→ Action item
All lines from the one containing "15 1/2 Zoll (33,2 cm) hoch" through the end of the entries below should appear in the answer exactly, with no others.

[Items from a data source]
◇ ◇ ◇ ◇ ◇

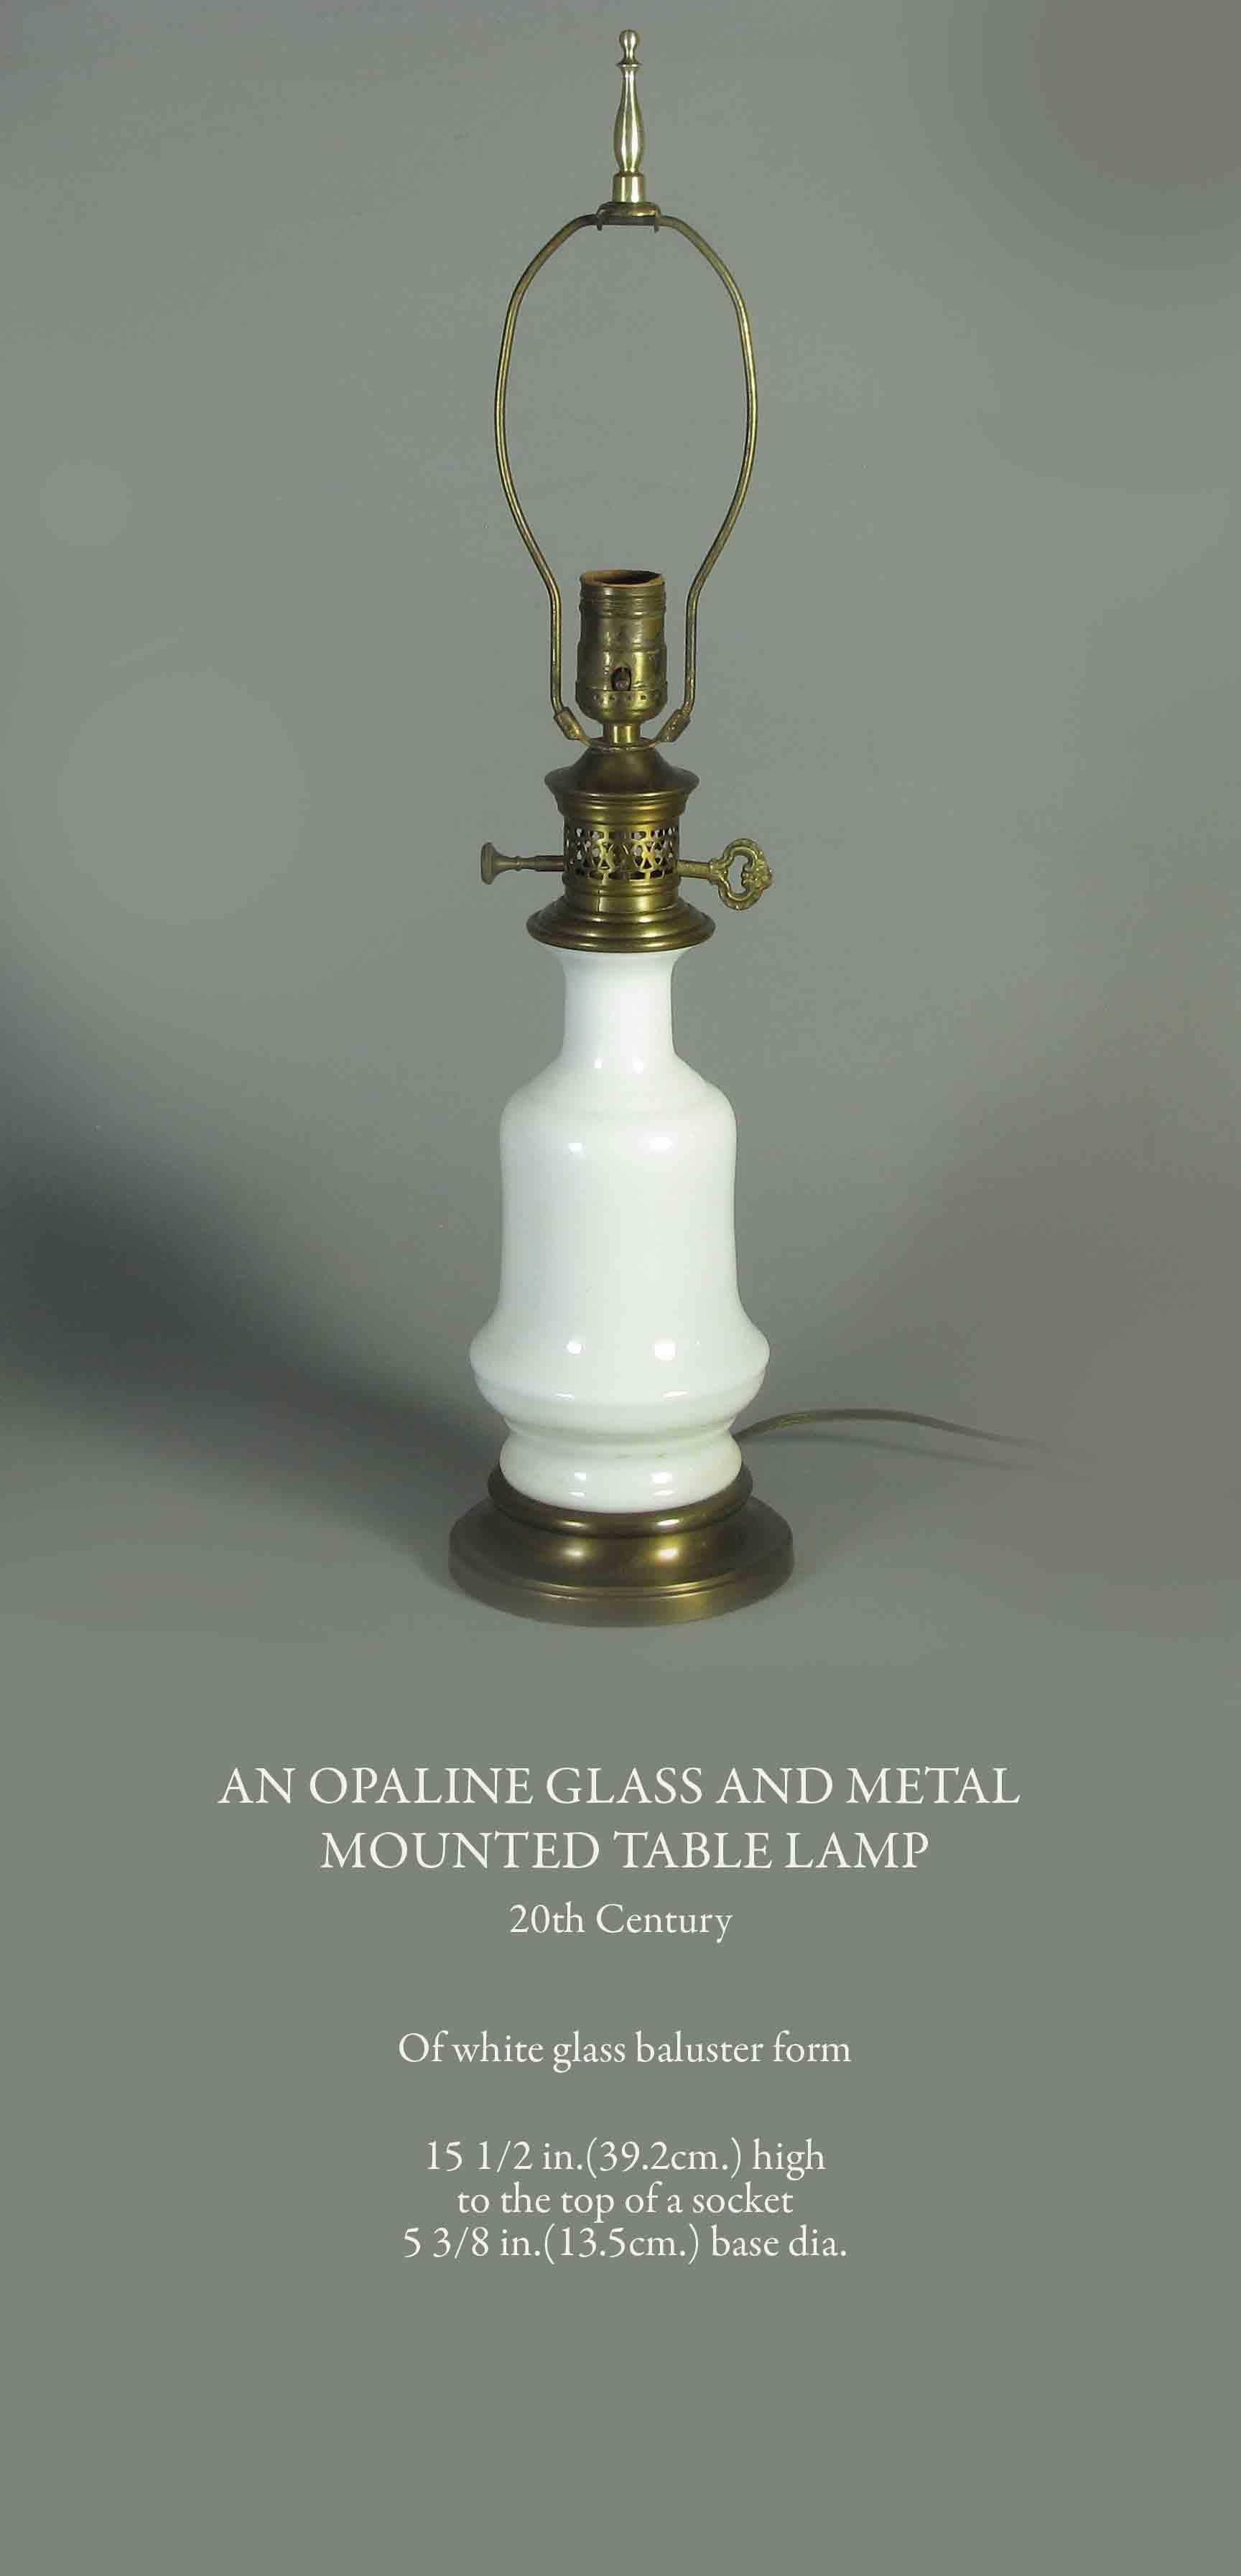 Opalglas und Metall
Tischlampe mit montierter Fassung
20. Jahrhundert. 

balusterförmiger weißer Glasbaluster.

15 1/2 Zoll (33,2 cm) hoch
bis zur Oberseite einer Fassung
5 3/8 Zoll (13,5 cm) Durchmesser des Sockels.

◇ ◇ ◇ ◇ ◇

→ Written response
15 1/2 Zoll (33,2 cm) hoch
bis zur Oberseite einer Fassung
5 3/8 Zoll (13,5 cm) Durchmesser des Sockels.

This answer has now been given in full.